Here is one of several.
I used all scrap wood forgot the measurements but the last picture just shows the styrofoam. Going to use a couple of old broom handles for stabilizers for water rising/lowering and for both sides when a muskrat hopefully enters not to flip the float.


----------



## muskrat (Oct 21, 2005)

I made my sides a couple of inches shorter than the bottom. I bought some screw in stabilizers for the conibears very happy with that purchase.
Matt


----------



## Ranger Ray (Mar 2, 2003)

I used to trap White Lake as a youth using only floats. Used to take 3 ceder posts, run 2 X 4's perpendicular and nail them to the posts in 3 places. I would then whittle out 3 places for #1 long spring traps. Nail the traps to the bottom of the ceder logs and place grass over the traps. I would then hang a apple slice over the trap using a piece of wire. Caught a lot of muskrats that way.


----------



## muskrat (Oct 21, 2005)

Just watched a 3 hour muskrat trapping video.

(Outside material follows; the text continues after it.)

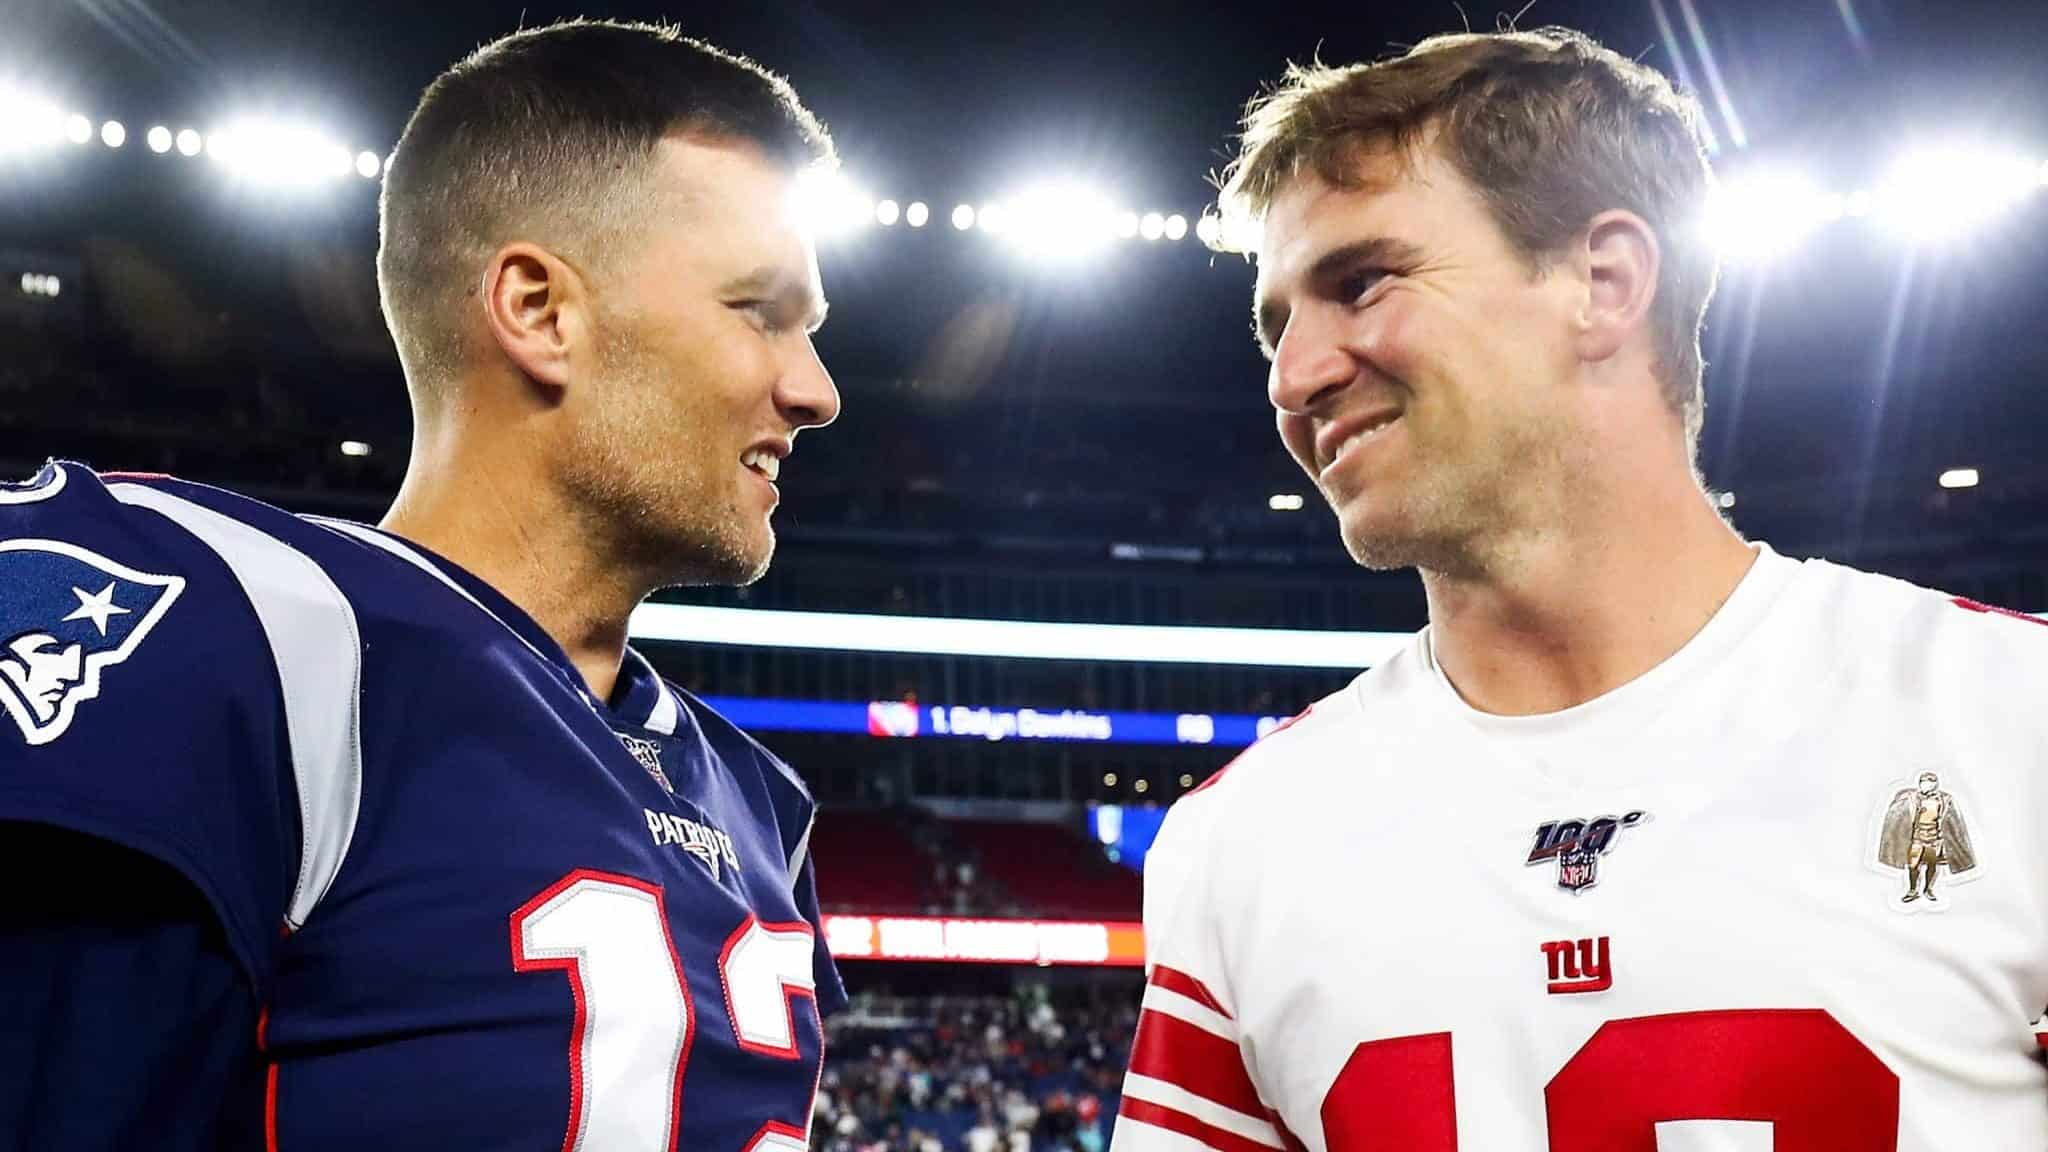 FOXBOROUGH, MA - AUGUST 29: Tom Brady #12 of the New England Patriots greets Eli Manning #10 of the New York Giants after a preseason game at Gillette Stadium on August 29, 2019 in Foxborough, Massachusetts.

Used a lot of simple float sets. For him at least nothing special. 1/2" thick board with 2" flat strips down the side to help keep the 1/2 coilspring trap from sliding off the side. 3/4" Styrofoam board attached underneath. No bait or lure just covered the traps with weeds or muck right from where the float was set, like an artificial poop location for the rats. Oh the board itself was maybe 18" long. The width was maybe 8-10". That was it. All the floats were no more than I would say 20 ft from the shore. Traps were not covered by any water either. Now the ponds were something else huge dens with a very high rat population I believe it was in S. Dakota. 
Video was called "Trapping Muskrats by the 1,000's". Okay video. Not sure if I would by it again but lesson's were learned. 
Matt


----------